▸ **ACTION ITEM**
Reproduce, exactly and in full, only the lines below from the one containing "Samsung Hub" through the one containing "Gebruik deze applicatie".

▸ **DATA UNDER STUDY**
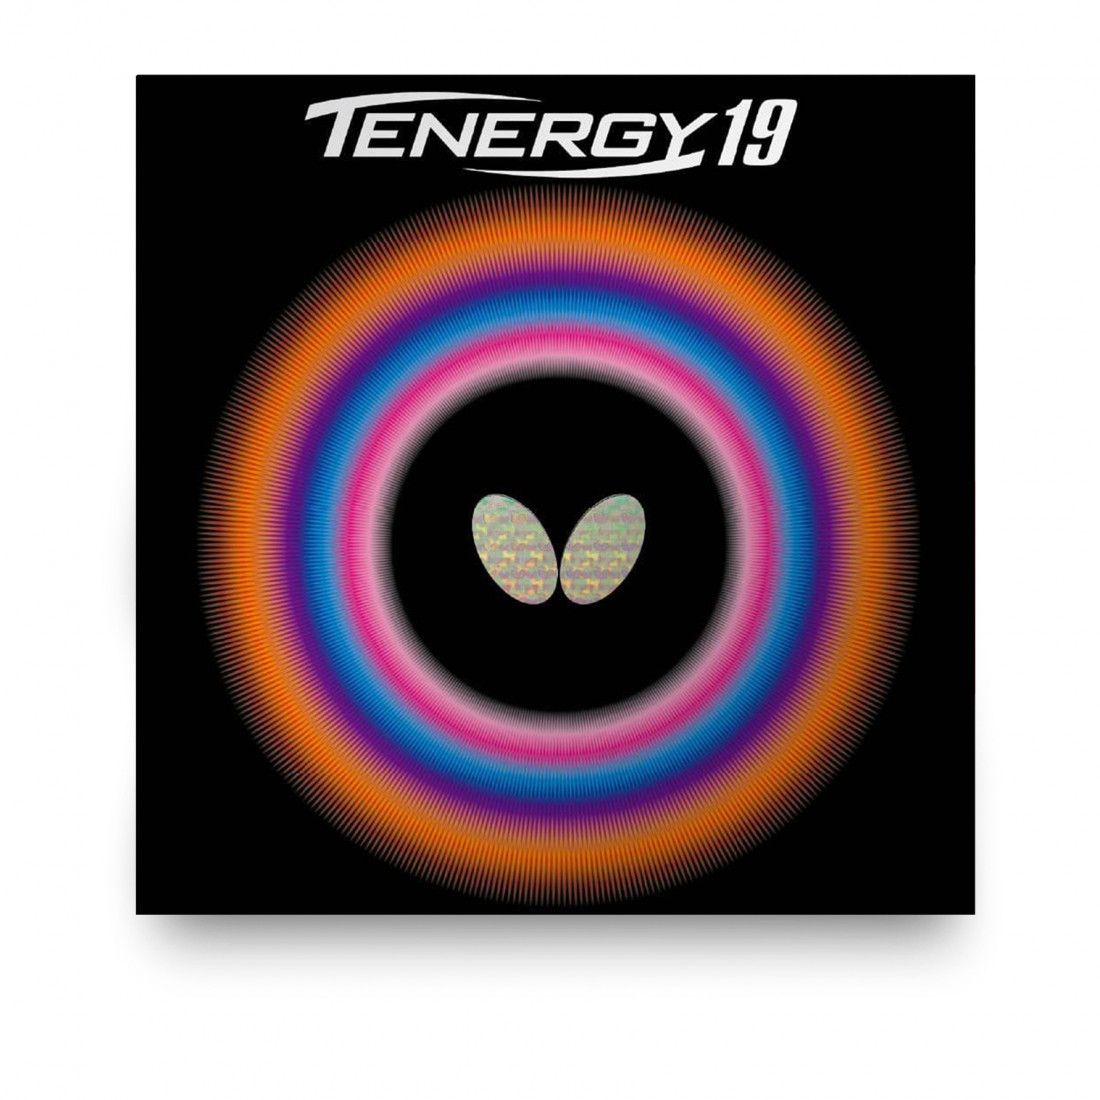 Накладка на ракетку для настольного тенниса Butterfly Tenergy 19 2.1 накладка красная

* * *

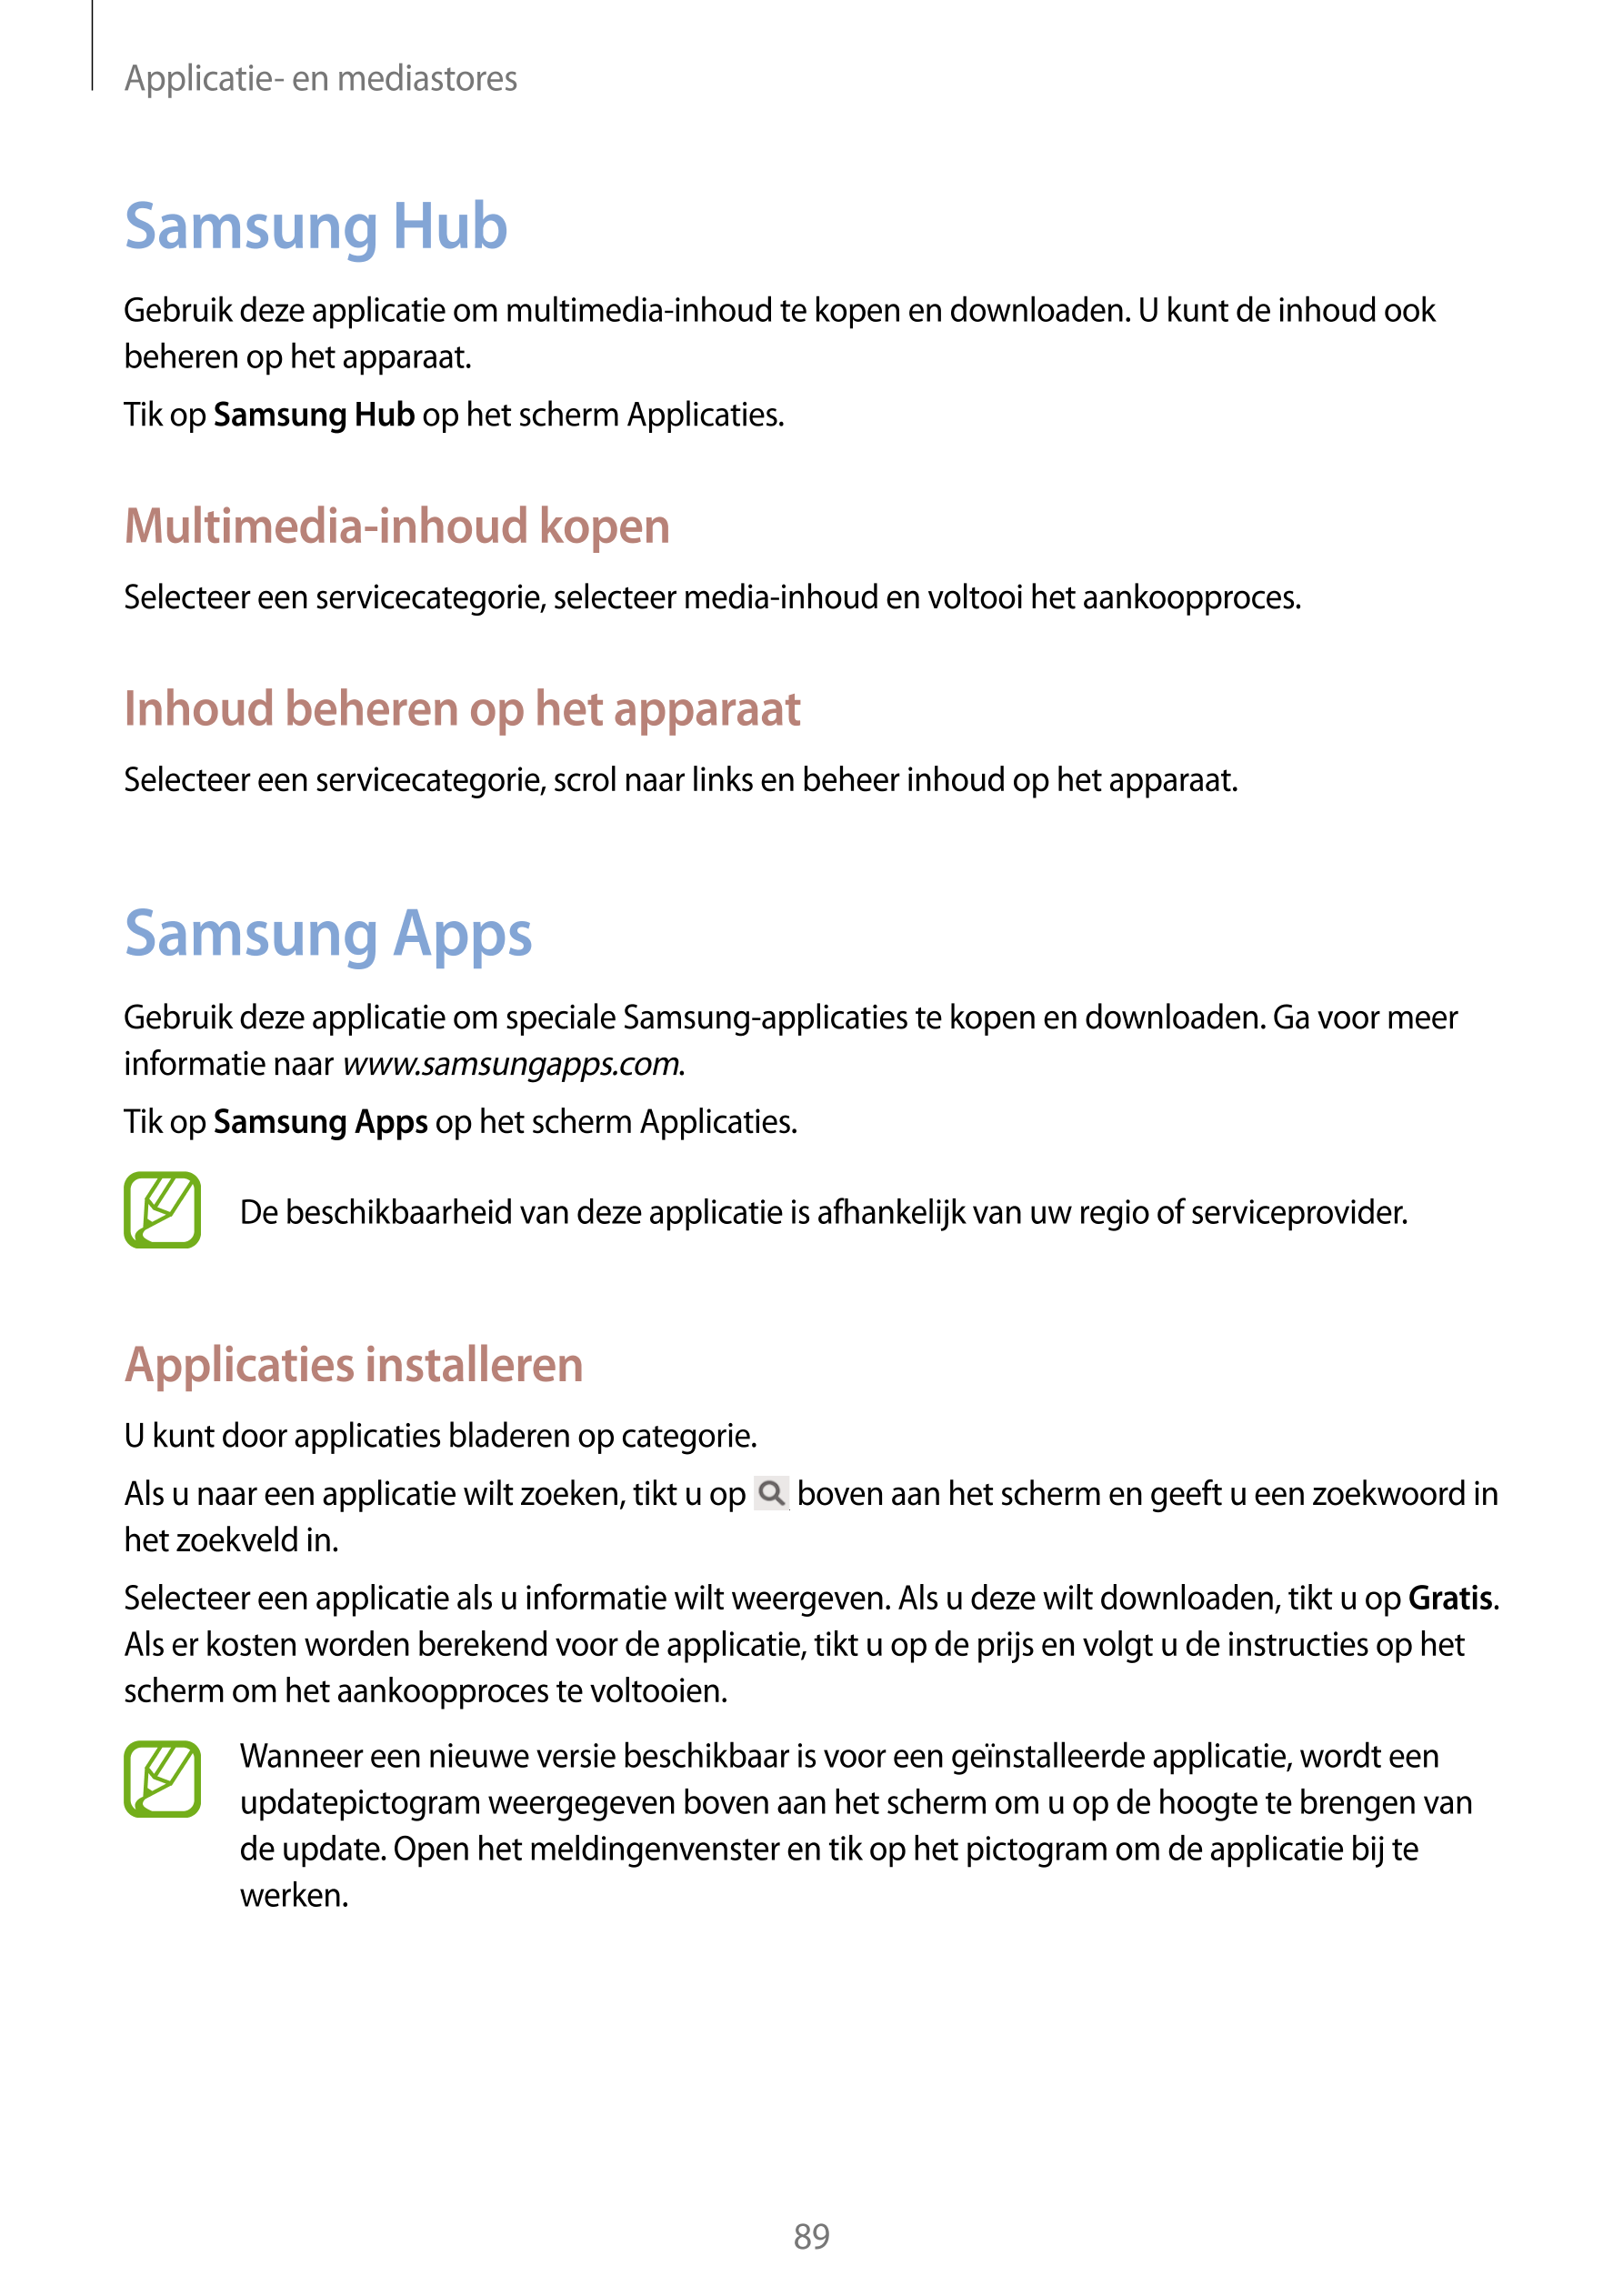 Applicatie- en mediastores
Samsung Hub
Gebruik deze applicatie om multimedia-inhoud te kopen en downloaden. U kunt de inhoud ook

...

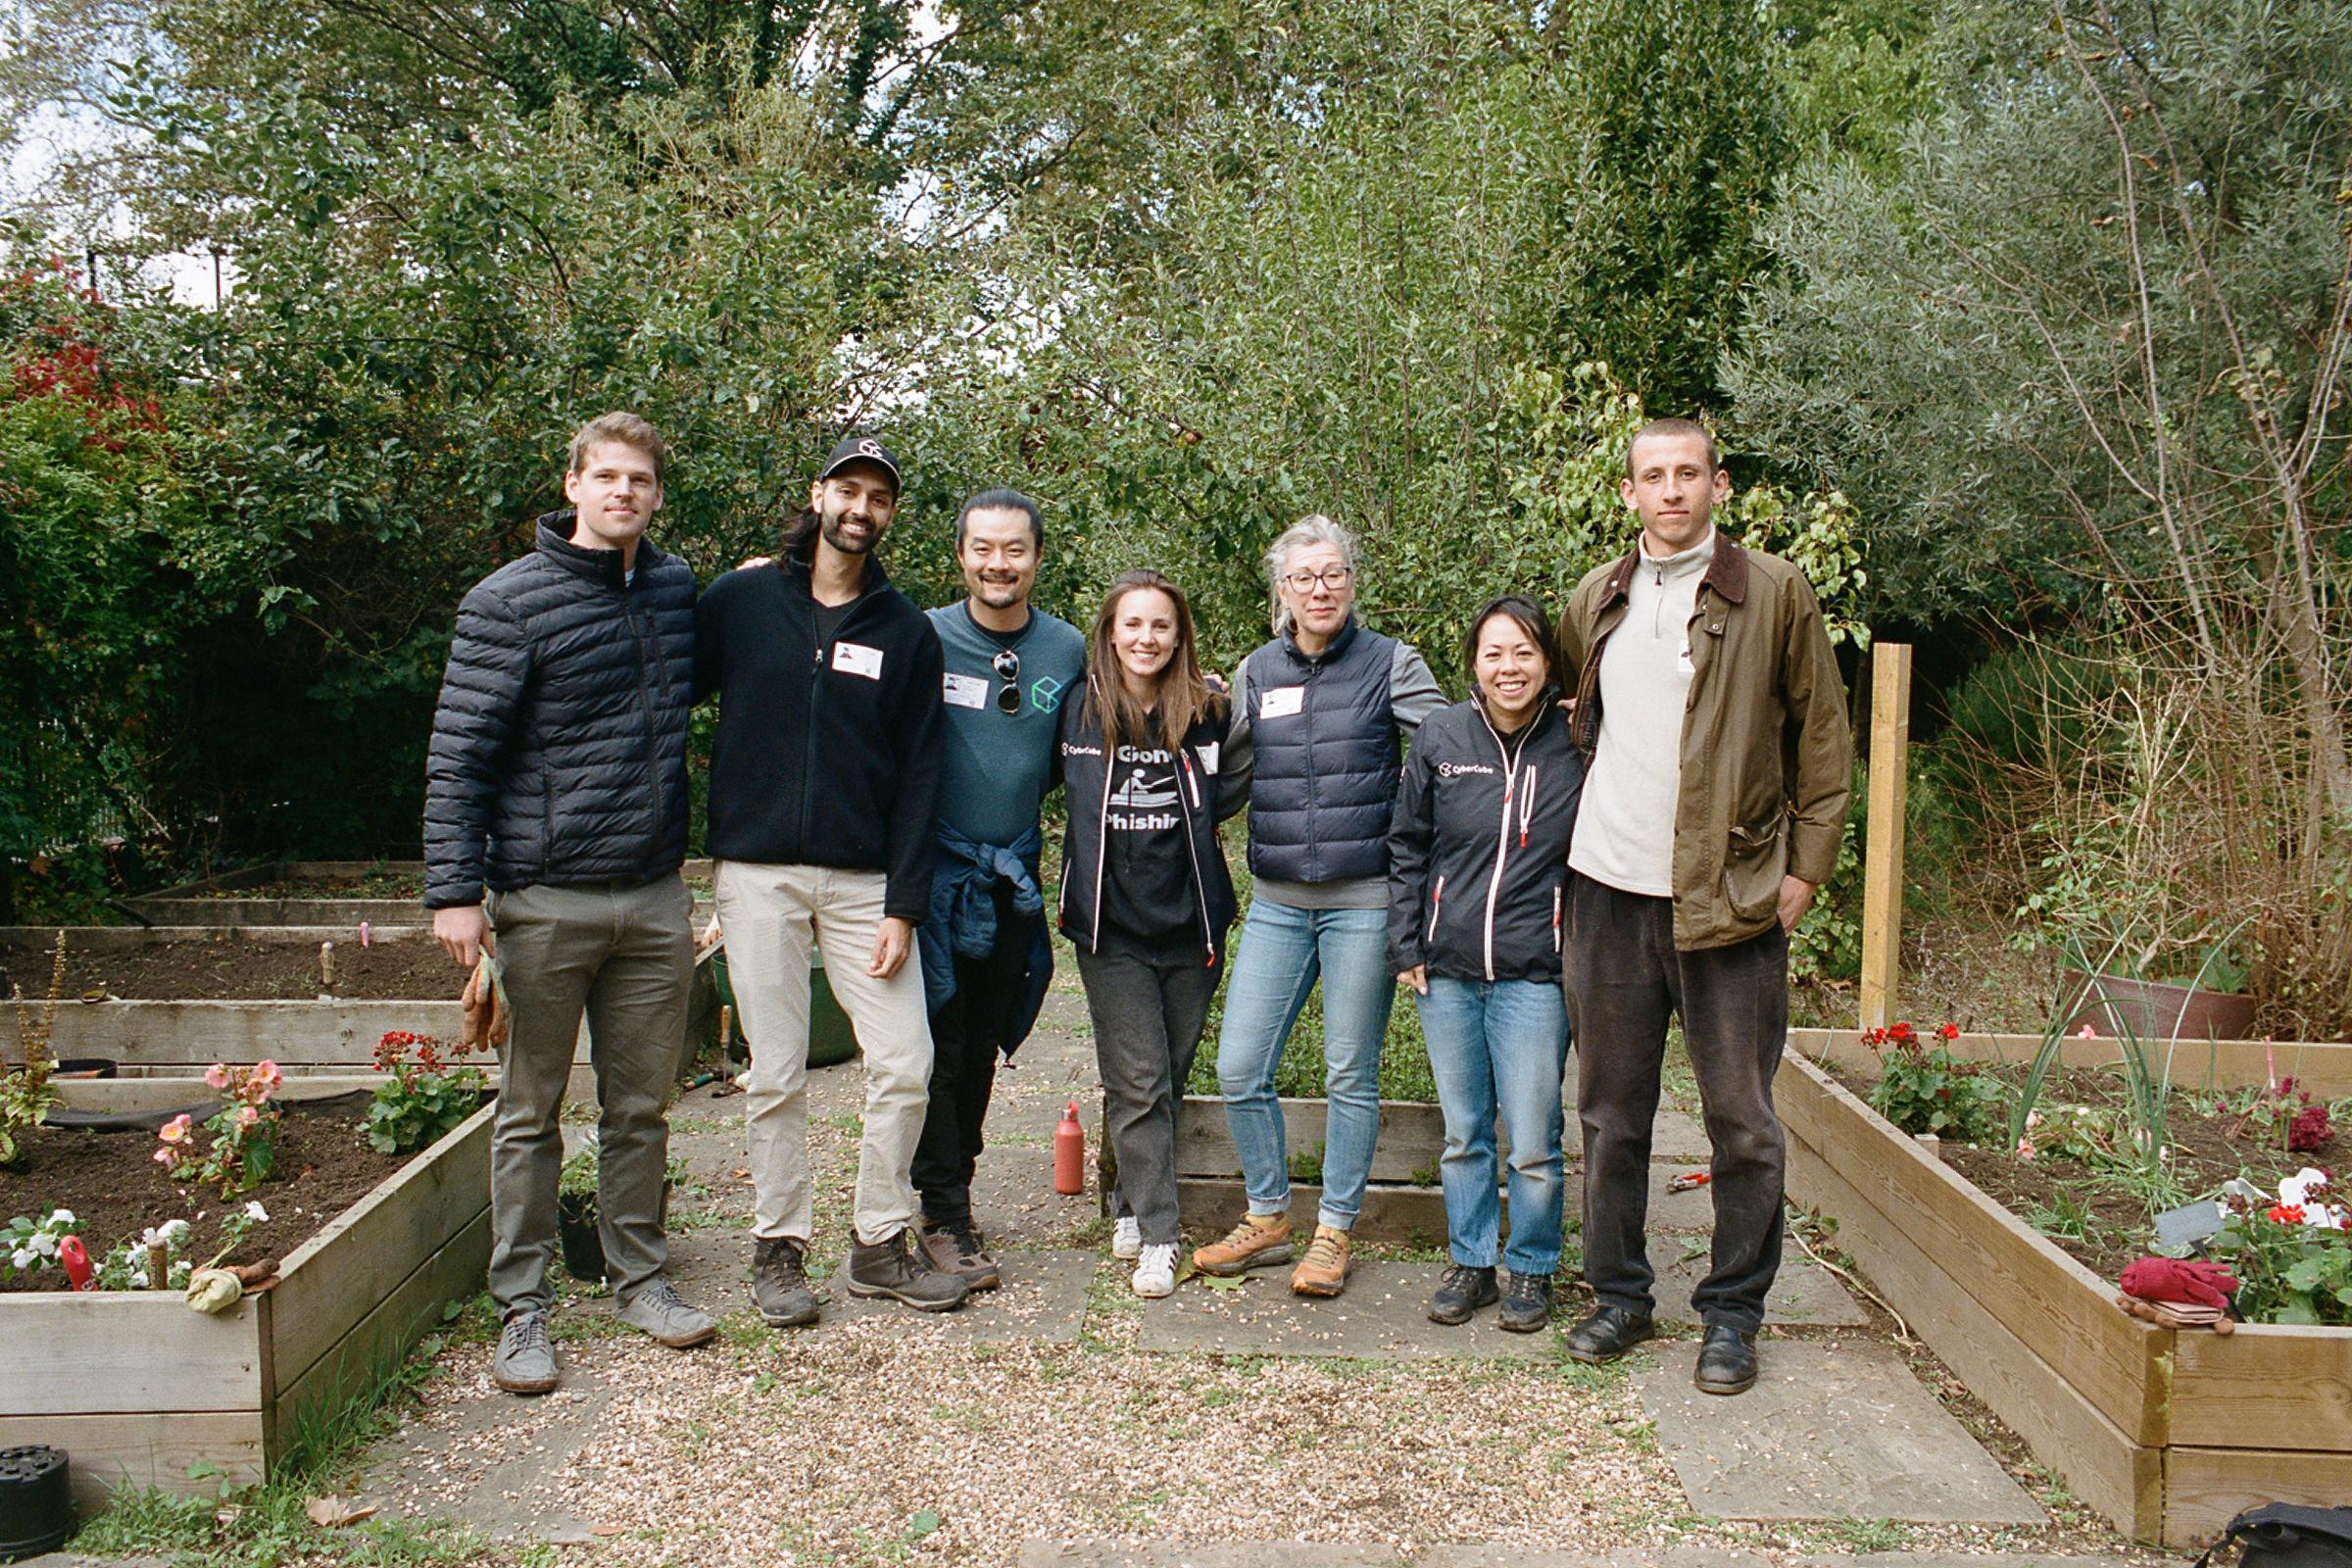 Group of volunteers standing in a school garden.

▸ **EXERCISE RESPONSE**
Samsung Hub
Gebruik deze applicatie om multimedia-inhoud te kopen en downloaden. U kunt de inhoud ook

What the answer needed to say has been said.